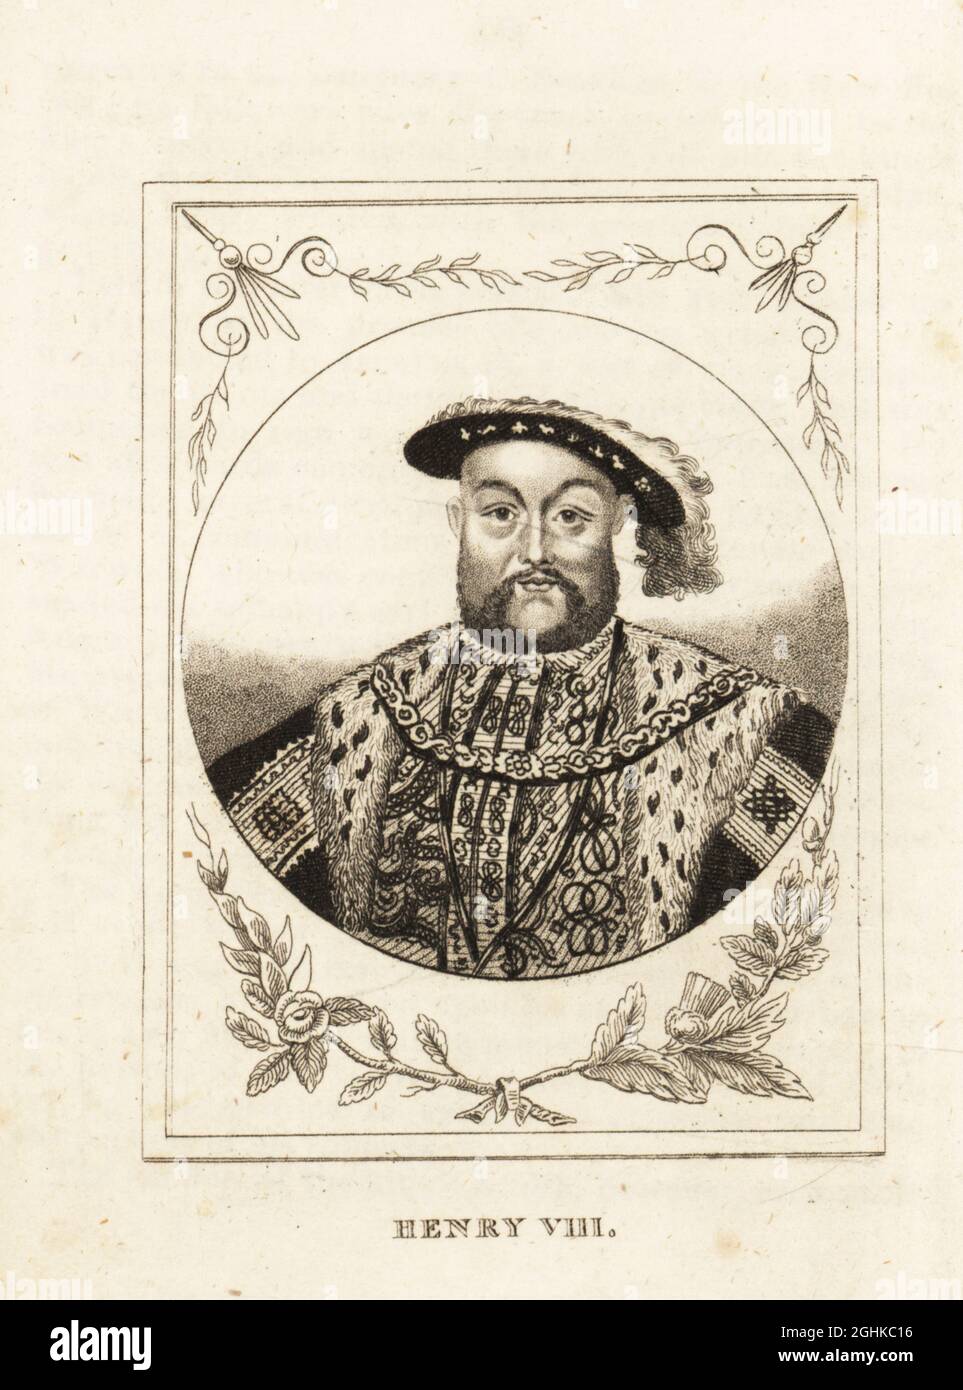 Portrait of King Henry VIII of England, 1491-1547. Copperplate engraving after Hans Holbein from M. A. Jones’ History of England from Julius Caesar to George IV, G. Virtue, 26 Ivy Lane, London, 1836. Stock Photo
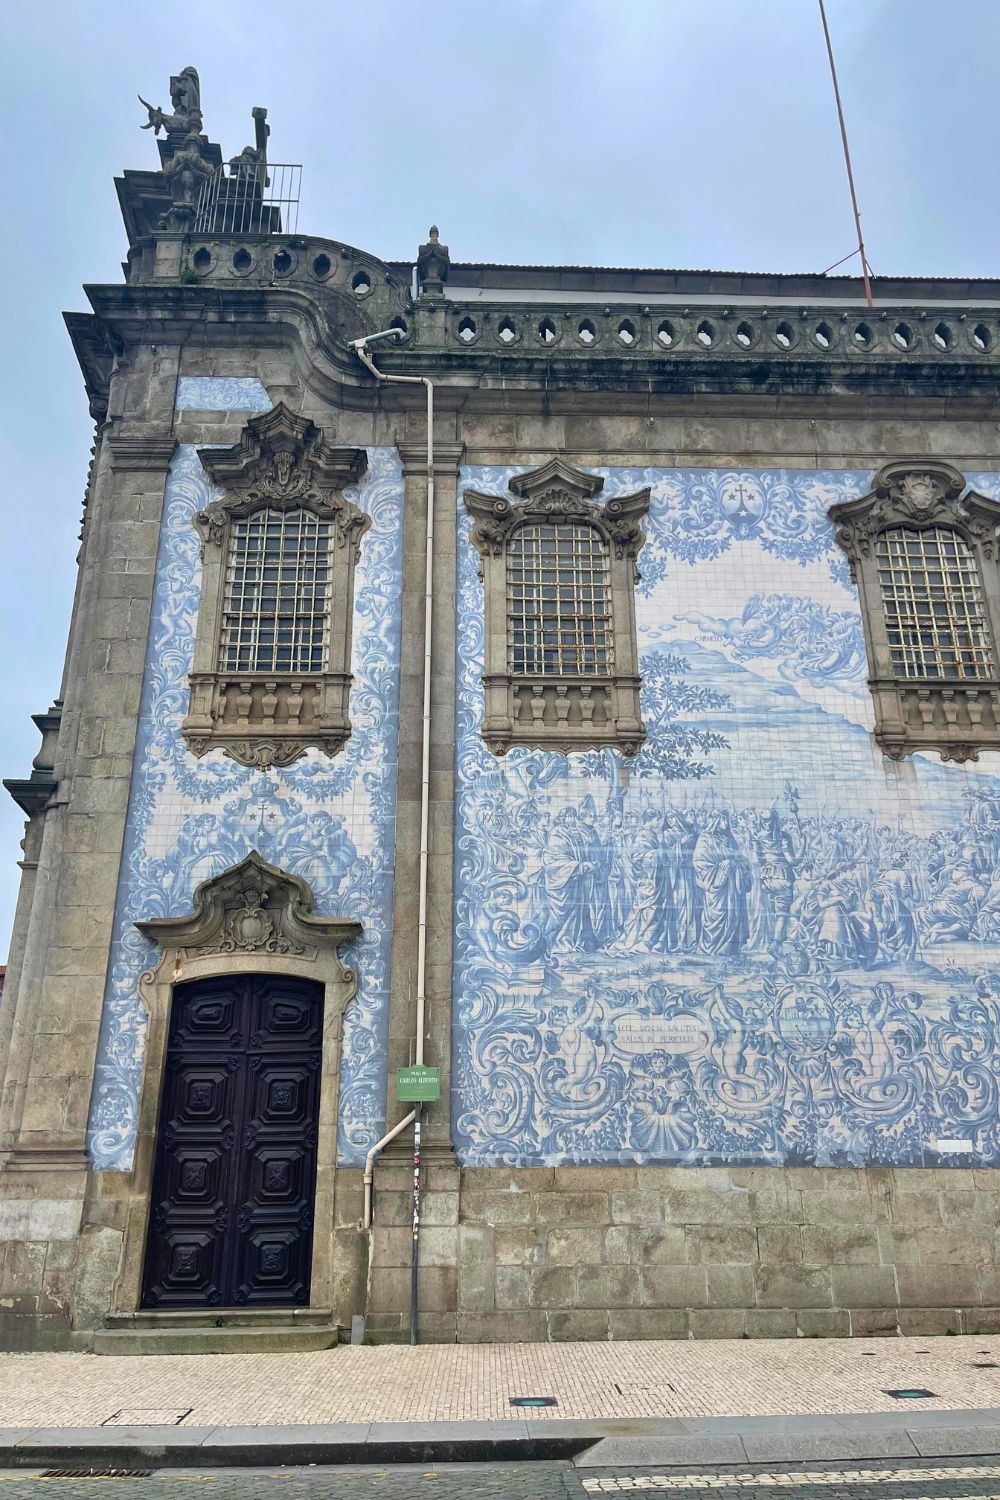 Facade of a church in Porto adorned with intricate azulejo tilework, showcasing scenes in various shades of blue under a cloudy sky.
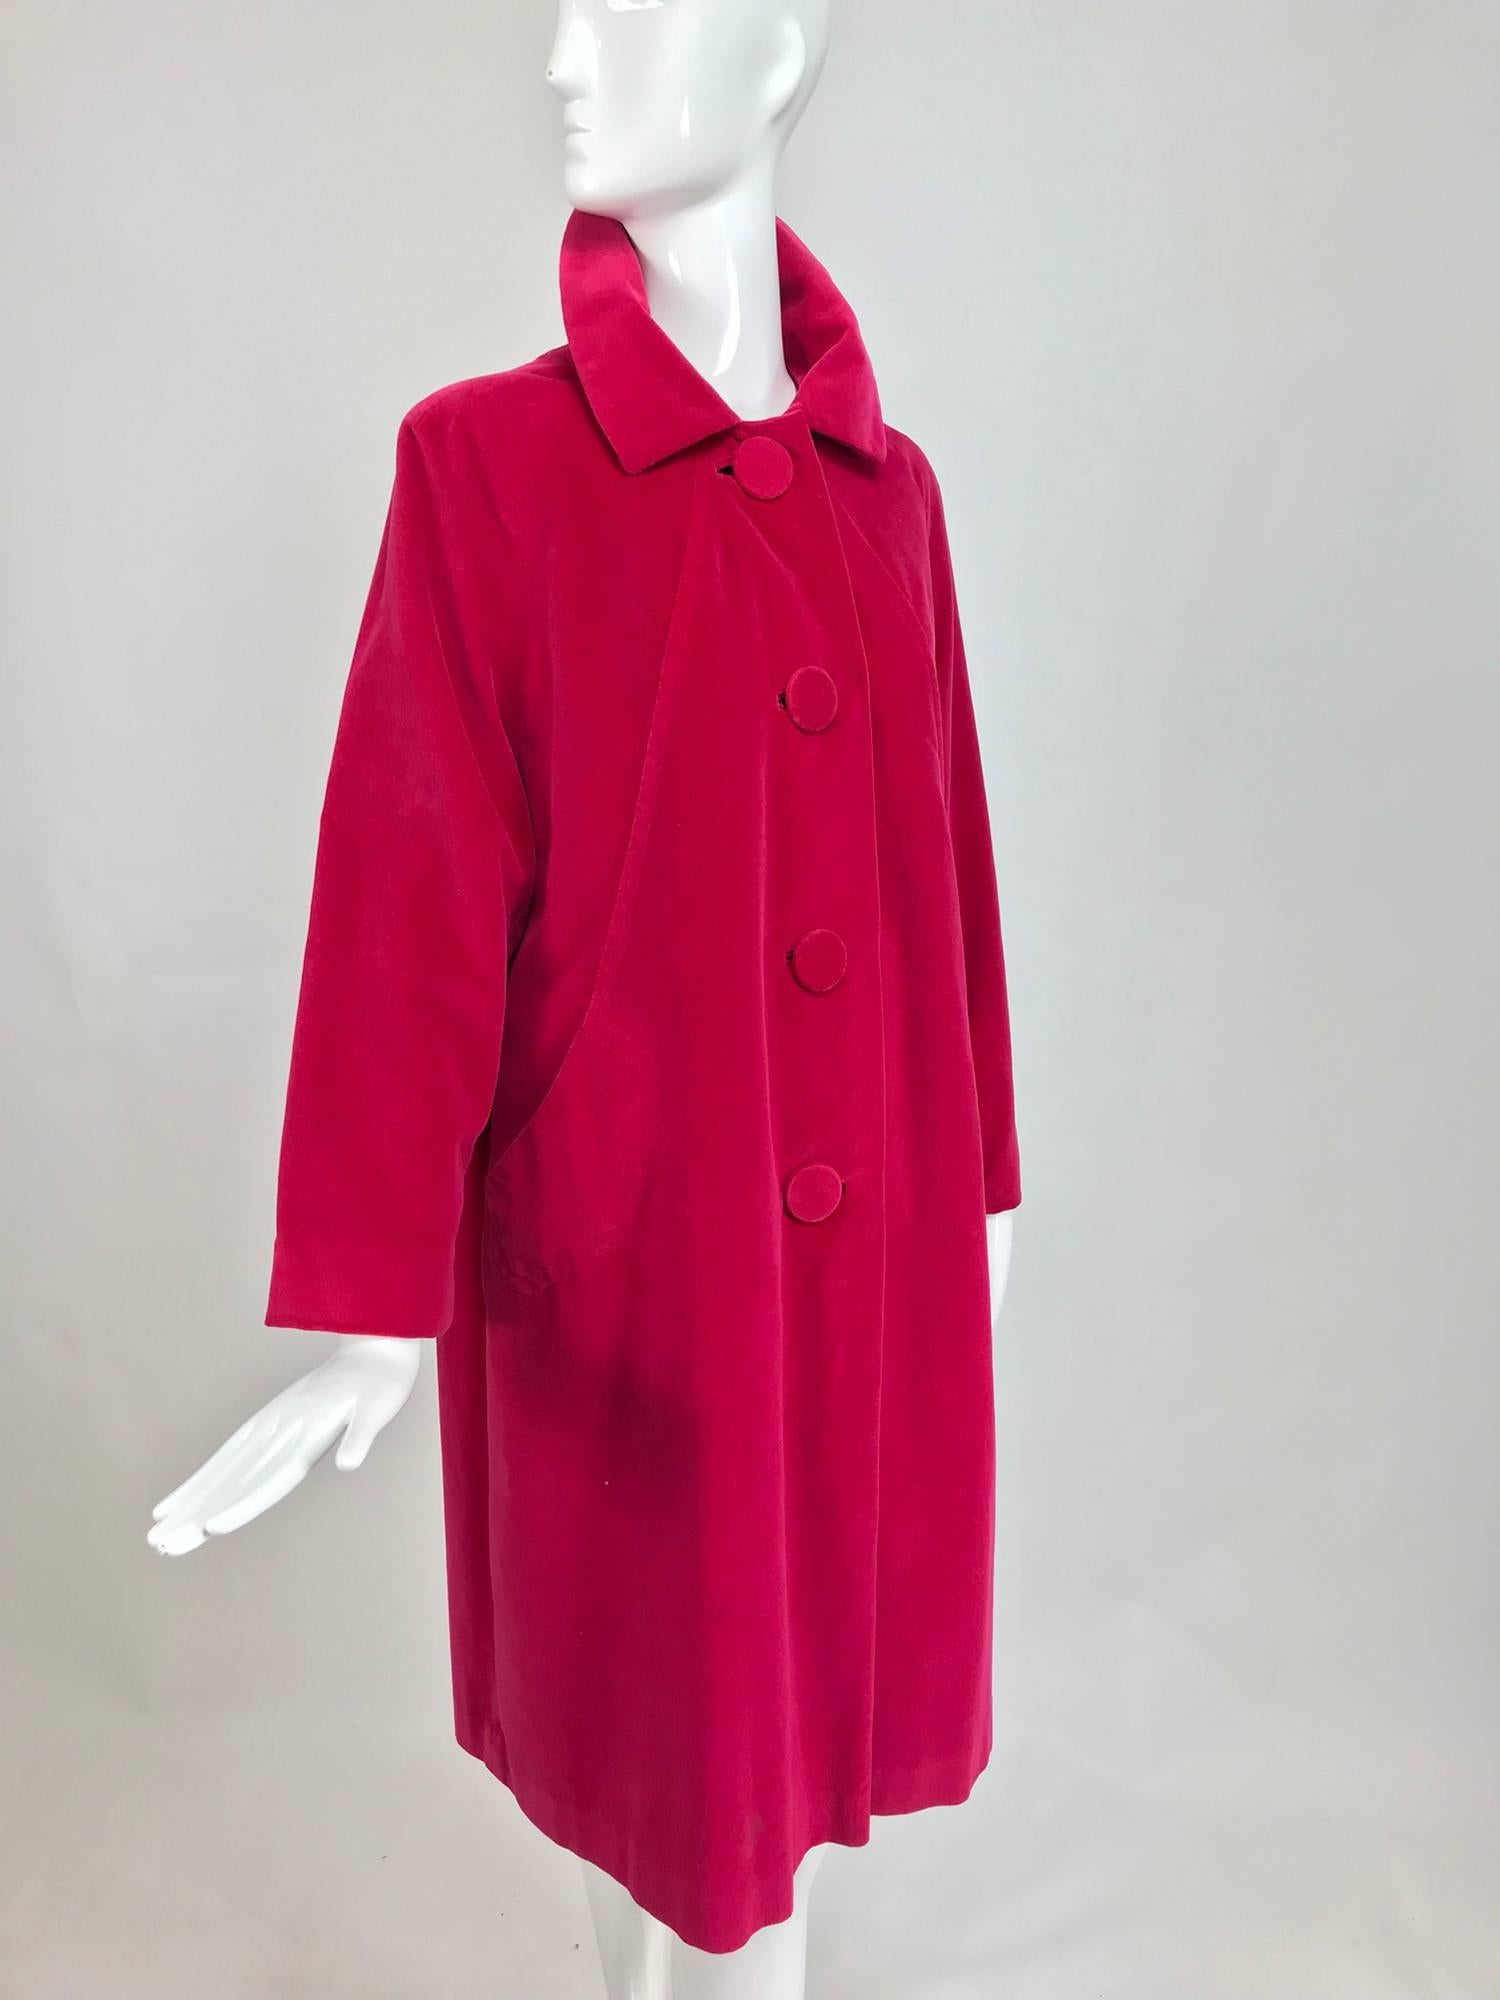 Marguerite Rubel San Francisco bright pink velvet coat from the 1960s...Marguerite Rubel founded her namesake Manufacturing company in San Francisco in the late 1940s, the company specialized in coats & jackets. Her outerwear was carried at
○ ○ ○ ○ ○ ○ ○
### Action item
Give back every line of the material above word for word, leaving out the pictures.

### Exercise solution
 Portrait of King Henry VIII of England, 1491-1547. Copperplate engraving after Hans Holbein from M. A. Jones’ History of England from Julius Caesar to George IV, G. Virtue, 26 Ivy Lane, London, 1836. Stock Photo
 Facade of a church in Porto adorned with intricate azulejo tilework, showcasing scenes in various shades of blue under a cloudy sky.
 Marguerite Rubel San Francisco bright pink velvet coat from the 1960s...Marguerite Rubel founded her namesake Manufacturing company in San Francisco in the late 1940s, the company specialized in coats & jackets. Her outerwear was carried at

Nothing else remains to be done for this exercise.